Я в детстве еще полюбил костры: ночью у чабанов на берегу реки, у подножия скал, на вершинах окрестных гор или даже в камнях домашнего очага. Я знаю, что разжечь костер — половина дела, что гораздо труднее его поддерживать и хранить в течение долгой ненастной ночи.

Я чувствую, что в сердце моем есть огонь. Но что мне сделать, как мне себя вести, чтобы мой огонь не зачах, не угас раньше времени, до того, как он успеет кого-нибудь обогреть и кому-нибудь осветить дорогу во тьме? Что я должен делать, чтобы сберечь и укрепить свой талант?

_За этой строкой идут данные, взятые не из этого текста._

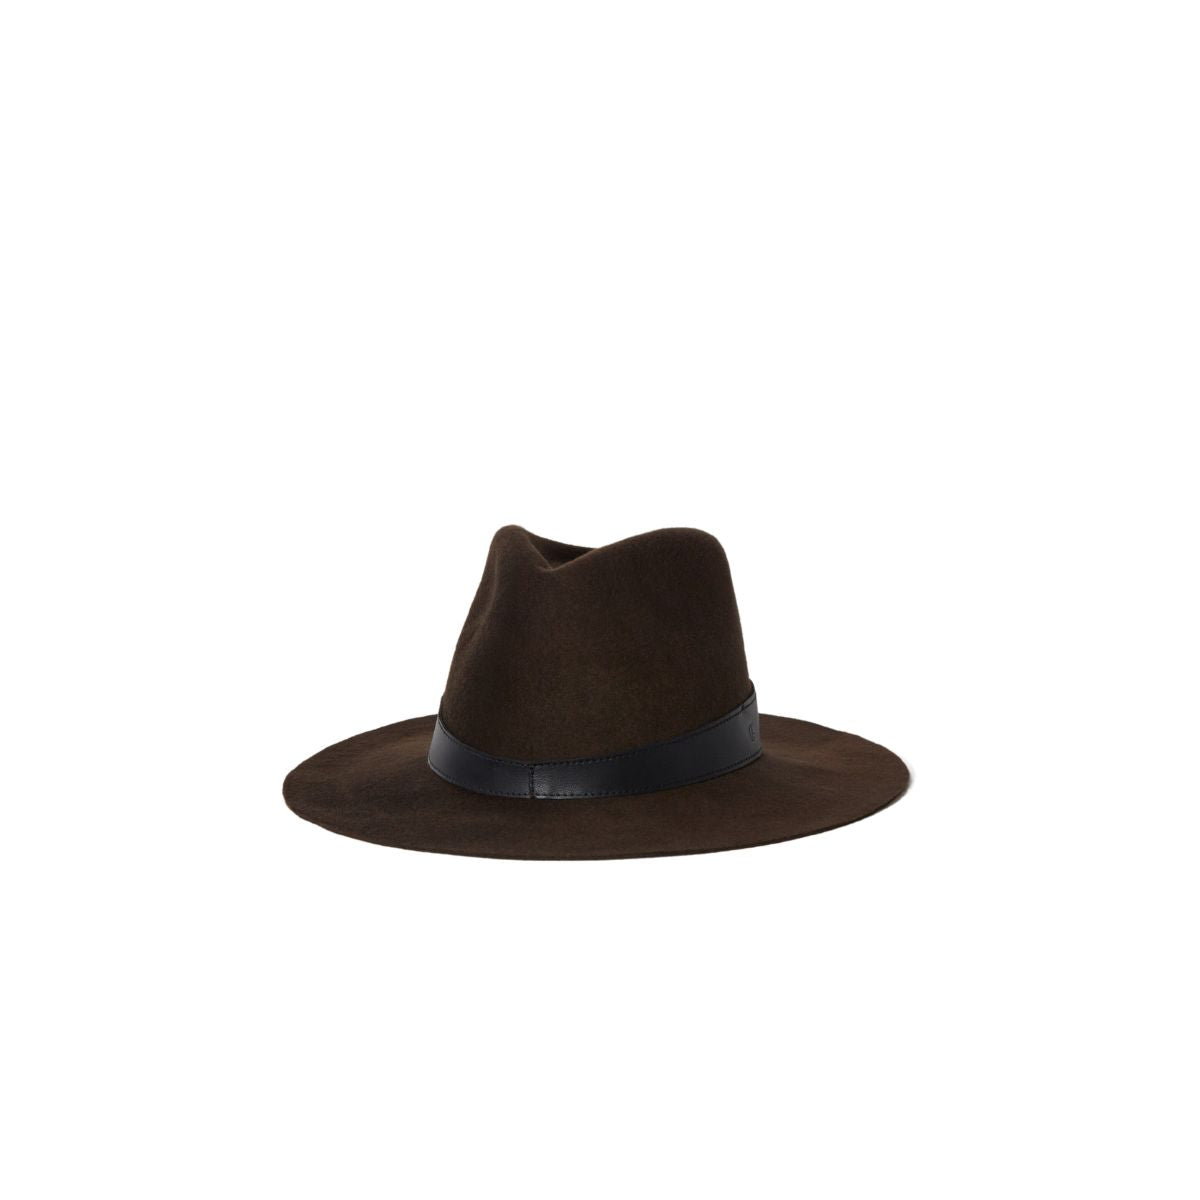 Janessa Leone Raleigh Hat in Dark Brown

Из воспоминаний отца. Один горец пришел к отцу и сказал:

— Я попробовал и убедился, что могу сочинять. Но я не знаю, что нужно, чтобы писать настоящие стихи.

Отец ответил:

— Мало уметь настроить скрипку, нужно уметь на ней играть. Мало иметь поле, нужно уметь его обработать и засеять.

— Что же мне делать, чтобы писать стихи?

— Как это что? Работать.

РАБОТА

Кто думает, работа наша — мед,

Пусть в Кубачи хоть на денек придет.

Надпись на кубачинском изделии

Я — негр своих стихов. Весь божий день

Я спину гну, стирая пот устало.

А им, моим хозяевам, все мало:

И в час ночной меня гонять не лень.

Я рикша — и оглобли с двух сторон

Мне кожу трут, и бесконечна тряска,

И тяжелее с каждым днем коляска,

В которую навек я запряжен.

Перевел Н. Гребнев

Этот случай произошел давно, но я его и сейчас помню так же отчетливо и ясно, как будто он произошел вчера.

Я даже описал его в своей поэме, но не могу не вспомнить и здесь.

Никому не известным сыном дагестанского поэта Гамзата я покинул аул и уехал сначала в Махачкалу, а затем в Москву. Прошли годы. Я окончил Литературный институт, выпустил десять сборников стихотворений. За один из них получил Сталинскую премию. Сыграл свадьбу. Одним словом, стал поэтом Расулом Гамзатовым. Тогда-то я надумал вновь посетить свой аул.

Целыми днями я бродил по тем местам, где бегал мальчиком, смотрел на скалы, на пещеры, говорил с людьми, слушал песни ручьев, молчаливо сидел на кладбище и вновь бродил по полям.

В Америке на заводе Форда я видел испытательную горку, на которой проверяют выпущенные автомобили. Для писателей такой проверочной горкой должно быть то место, где он родился.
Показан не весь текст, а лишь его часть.